From Pastor's Desk

Alright, let’s talk everyone’s favorite subject–finances and personal discipline. Everyone excited? Ready? RIGHT. No one likes to deal with this unless you’re a financial planner or a banker. We love the things money brings, but being disciplined about our stewardship of money, that is being a good caretaker of what God has blessed us with, is not something we love so much because we don’t do it well, we struggle with it, often we fail at it. And as they say, that struggle is REAL. How do we know? Just look at the statistics about indebtedness in our nation: revolving debt – $1.1 trillion, non-revolving debt- $3.39 trillion, housing- $10-11 trillion, medical debt -$200 billion, back taxes debt -$441 Billion, payday loans – charges 391-600% APR…and so on. While some of these things are necessary for living, like housing, much of our debt comes down to poor management of not only our finances, but our desires. And it’s not just a personal issue.

At this time, America as nation is about or over 31 trillion dollars in debt to the world around us. It seems like every other day we are cranking up the printing presses to print more money. We have become indebted to our foes and potential foes more than to our friends. It is a whirlwind that can overtake us and will impact every person in our nation. Where do we begin to tackle such a problem? As Christians, how do we deal with indebtedness especially in our personal lives?
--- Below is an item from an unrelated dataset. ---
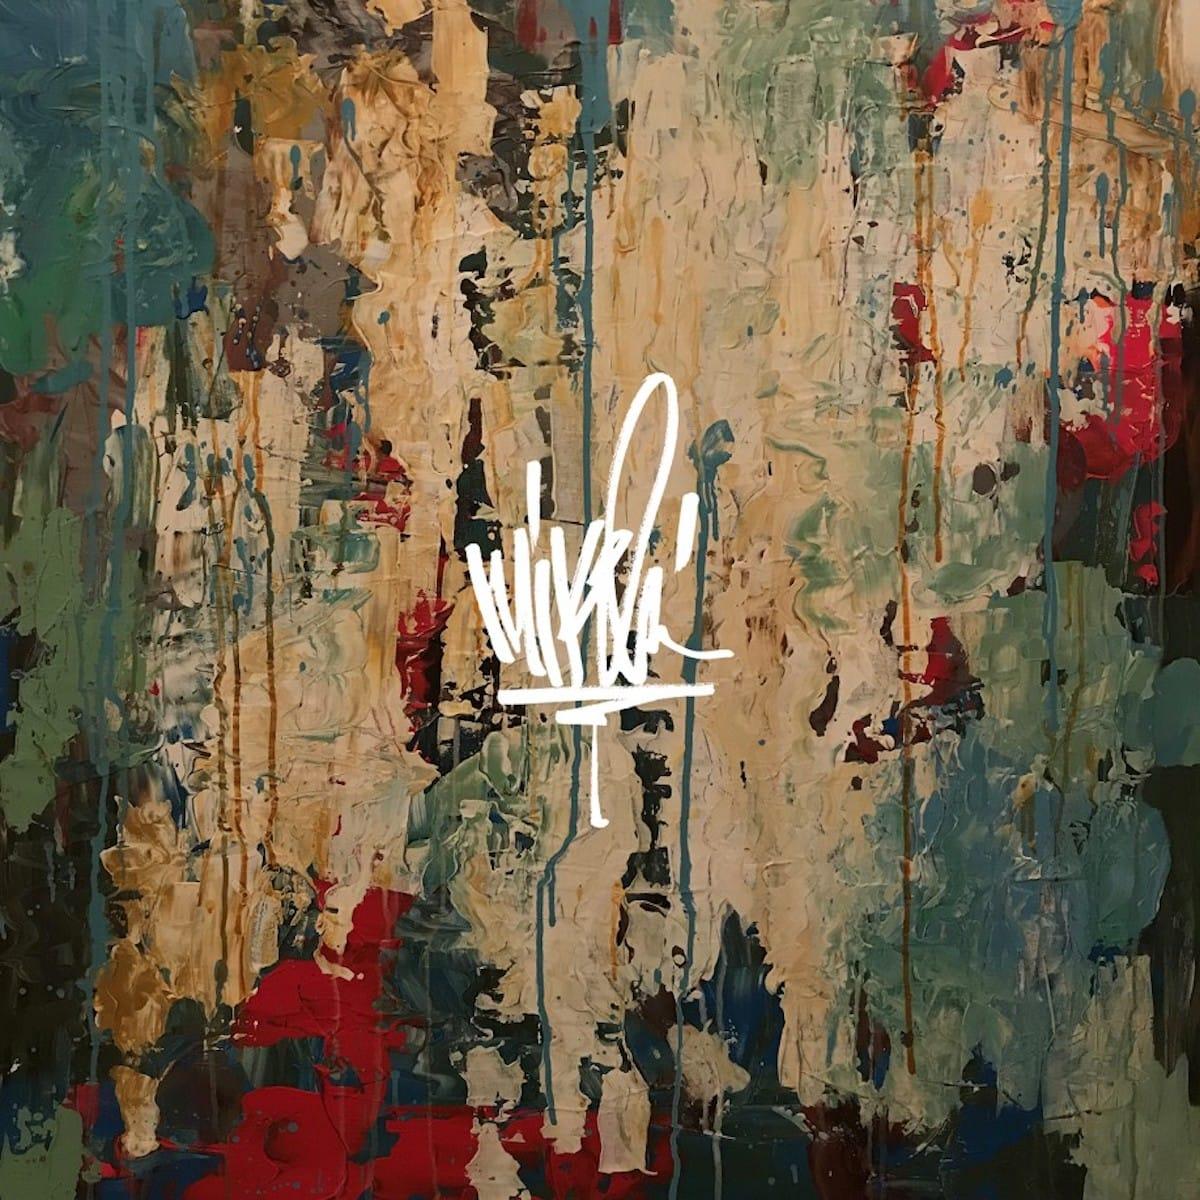 リンキン・パークのマイク・シノダがチェスターを亡くした衝撃と悲しみと向き合ったアルバム『Post Traumatic』をリリース発表! music180330_mike-shinoda_2-1200x1200

I find that many people just look at it as a way of life and resign themselves to it as a necessary evil.  Almost as if to say, “I am in debt and I will always be in debt and that is just the way of life.”  I can understand that feeling. I have felt it myself. We live in a society that makes us feel that if we don’t have this or that, then we can not function, or somehow we are living the good life. Who doesn’t want to live the good life? I do. I can look through car magazines and all of the sudden, spy a new tool or a new technique in mechanics and just as suddenly,  I need to know that or I need to have that. Out comes the plastic card! That little plastic card can get us into trouble if we don’t watch it. I have also learned that personally. Advertisers have a plan for you and me and they are not shy about telling you what you need. You’ll find yourself thinking, “I need that in my life. I can’t live without it and if I purchase it in the next 15 minutes, I’ll get the best deal…” As if you really needed that thing that just five minutes ago you didn’t even know existed. And you know what? It didn’t satisfy as much as I thought it would. It never does. It never can. But now you have it and you will be paying for it at something percent interest or your bank account is short the cash you used to purchase something that will not satisfy. Isn’t this how we are?

I look back at my grandma. Her name was Minnie and she lived on a shoestring and a dime most of her life, but to me she seemed to have  everything that brought her satisfaction. When she died there wasn’t big money in the bank, or a big nest egg of inheritance, but every thing on the farm was paid for lock stock and barrel. I bet you could go through her house and find a few valuables like her collection of salt and pepper shakers and most of those kinds of things would probably add up to $100 worth over the course of 50 years collecting.  Her prized possession was an old worn out Bible that she read daily and carried every week to church. I mean this was her life and it seems like she was a whole lot more content than I have ever been.  It was not a life of ease but a life of fulfillment.  There was always fresh vegetables, and lots of potatoes and meat to eat. My life is a whole lot more complicated. As I look at even this younger generation it is even a lot more complicated but it includes a whole lot of debt and for many, a lifetime of debt that they are not even worried about ever getting out from under.  New phones, new cars, new clothes, new shoes, I mean, I have more in my closet at home than probably my grandparents had in all their lives. Life was simple, but it was good and there was very little indebtedness. There was a certain freedom in their lives because they were not indebted to anyone. The only thing that kept them back from going and doing whatever they wanted was the obligation of their farm, as in who was going to feed the cows and the chickens.

Don’t get me wrong. I am not saying that we shouldn’t have things, but sometimes, our things have us. We need to realize sometimes the things that we think are freeing us actually occupy a lot of our time and resources. How? 1) We live with the worry of how we are going to pay for them, and 2) They are the kinds of “things” that sure gobble up and waste a lot of our time.

I will rip off the band aide and say what is not popular. We need to strive to live debt free as much as possible. Debt is an albatross around our necks or it can be in many cases. It’s not just that, but think of how we are hindered by debt and how it consumes our time and our energy. But when we are not indebted to this, that, and the other, then we have the freedom to be obedient to God in our giving of money, (not just to the church but also to other ministries as God leads us) we have energy to offer our talents and we will even find that we have time to give.

If you really want to learn how to be free financially I encourage you to look up, “Financial Peace”  by Dave Ramsey. This course is easy to understand, it is practical, you will see results right away and Dave Ramsey makes it fun. Tens of thousands of people have experienced financial freedom and also wealth as a result of following Ramsey’s principles.  It will be well worth the investment if you be willing to try.